Both atelectasis and consolidation may occur following prolonged recumbency, with pneumonia or, most commonly, when fluid in the pleural space prevents expansion of the ventral lung (Figure 10).
Caudal mediastinal masses are visualised most easily when concurrent pleural effusion is present, as this provides an acoustic window through which the mediastinum can be imaged. In a normally aerated lung, lack of parenchymal penetration from the pleural-lung interface precludes visualisation of this area. Cranial mediastinal masses, however, can be visualised at the third intercostal space on the right even with normally aerated lung, as the mediastinum in this area extends cranially to aerated lung tissue (Ainsworth and Cheetham, 2010).
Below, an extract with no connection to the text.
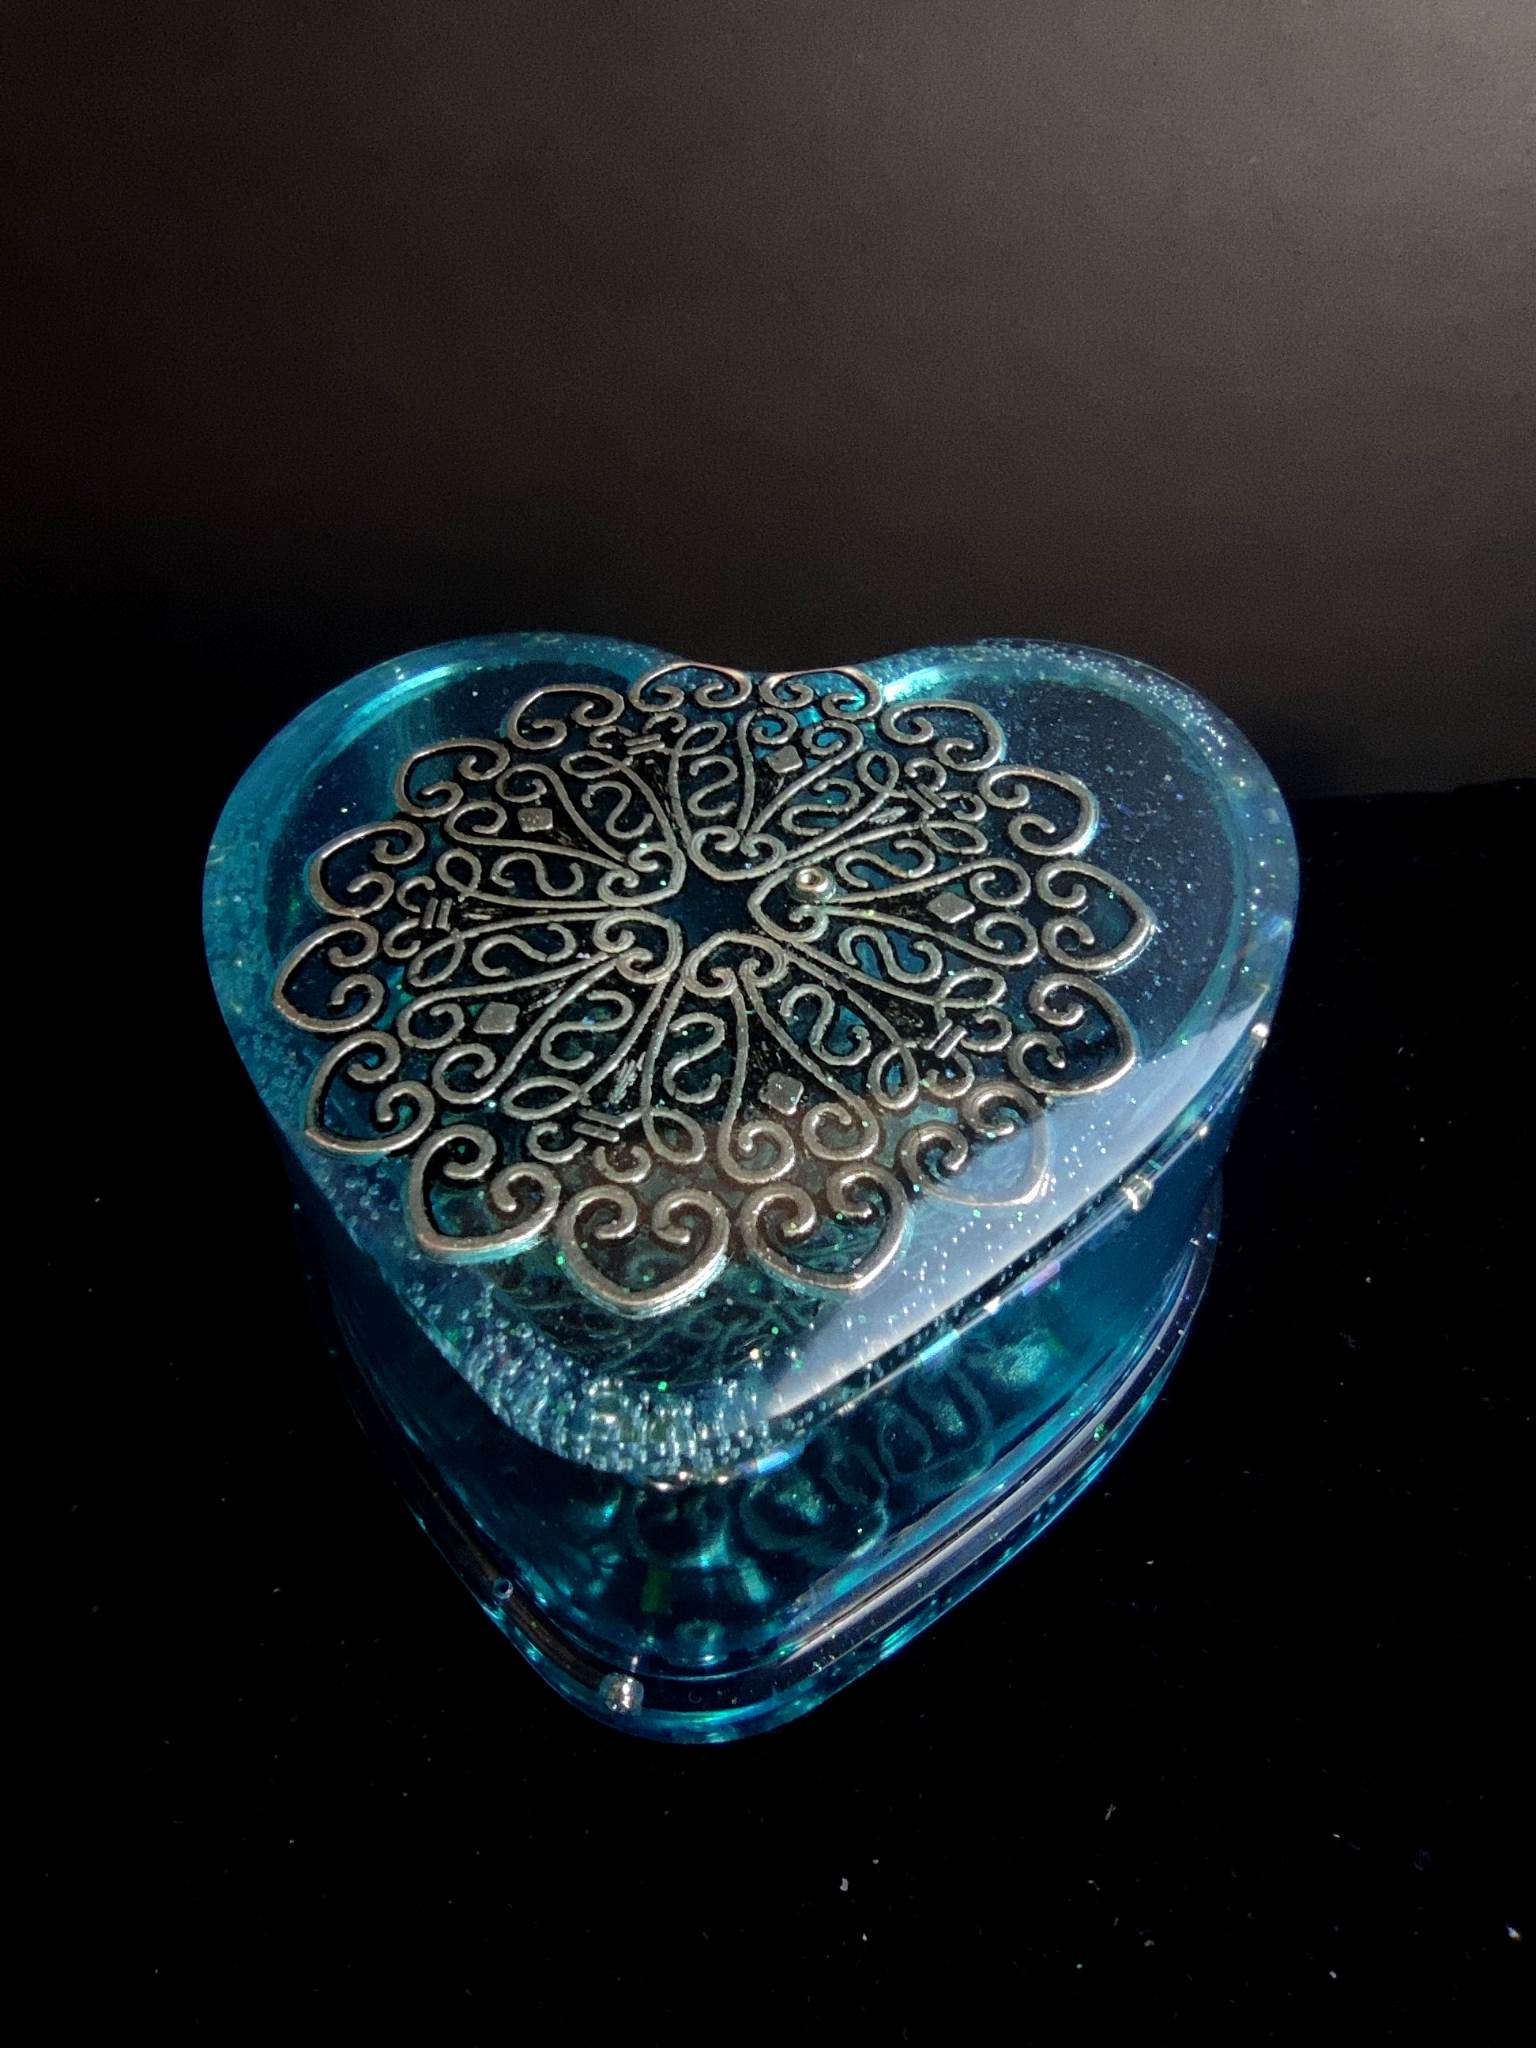 Magical orgonite box for storing semi-precious stones, runes, and jewelry - Save my love
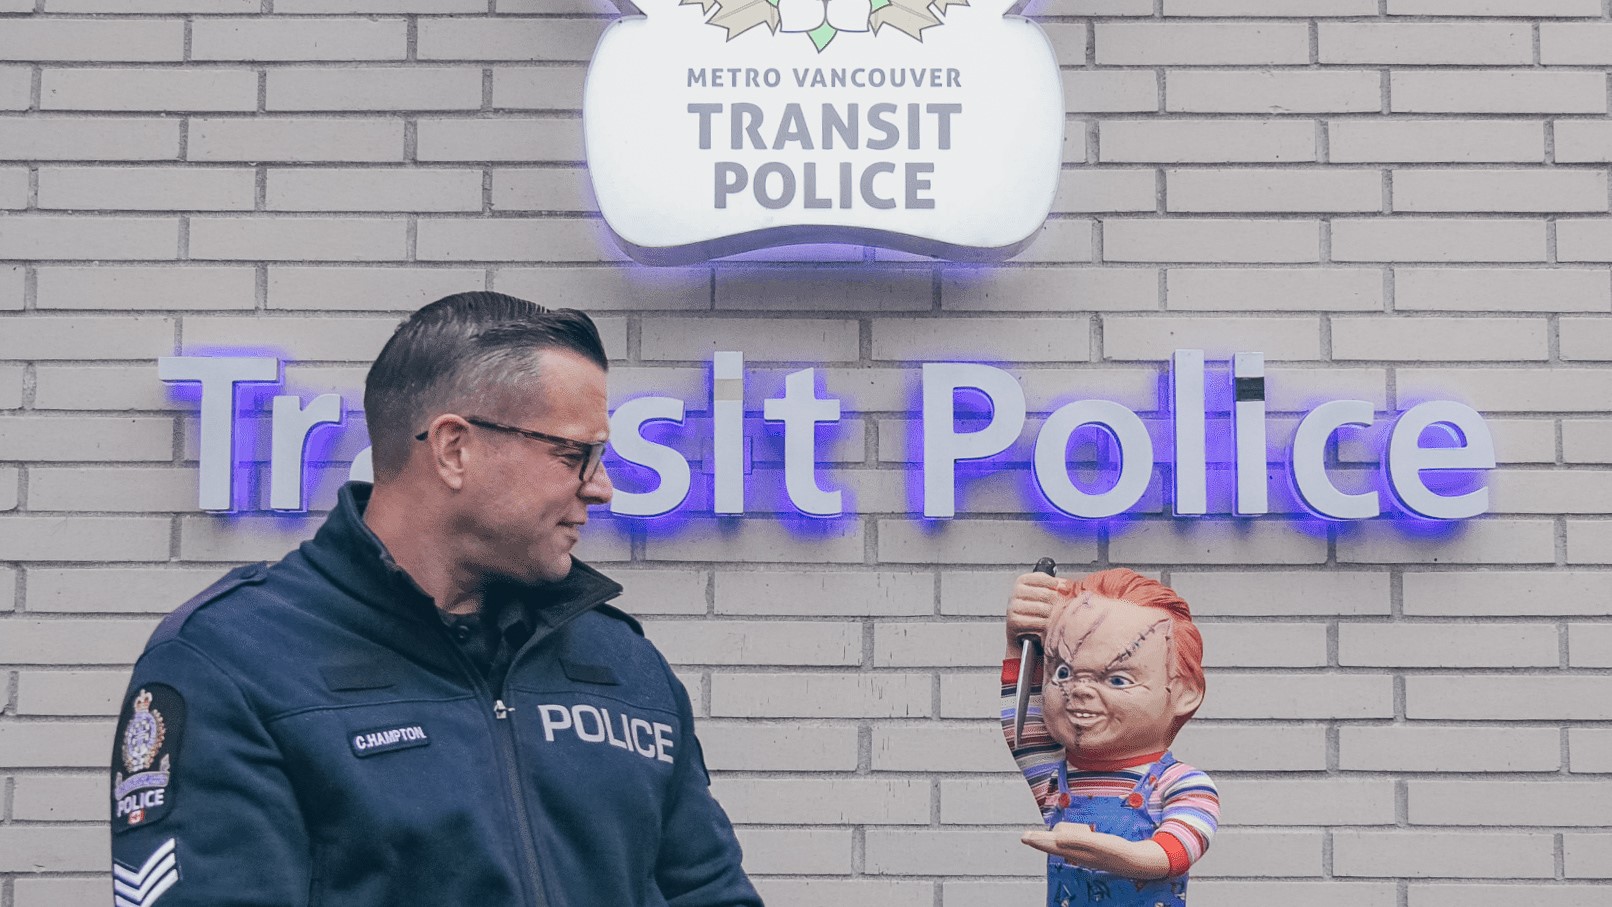 5 tips for a safe and spooktacular Halloween on transit from Transit Police

Mediastinal masses are relatively uncommon in the horse; however, differentiating abscesses from neoplasia has implications for treatment and prognosis, so it is important they are identified. The concurrent use of radiography and ultrasonography is recommended if mediastinal disease is suspected (Byars and McGorum, 2007).
Pulmonary abscesses are most commonly seen in foals with Rhodococcus equi infection, but can also be seen in adult horses with pneumonia (Figure 13). Abscesses commonly appear as hypoechoic foci that may have a hyperechoic capsule. In some cases, flocculent material is present within the central portion, and hyperechoic flecks with associated drop-out may indicate gas.
Abscesses are only evident ultrasonographically if they are contiguous with the pleura and no overlying aerated lung is present. It is, therefore, important radiography and ultrasonography are performed concurrently to image all depths if the presence of an abscess is suspected.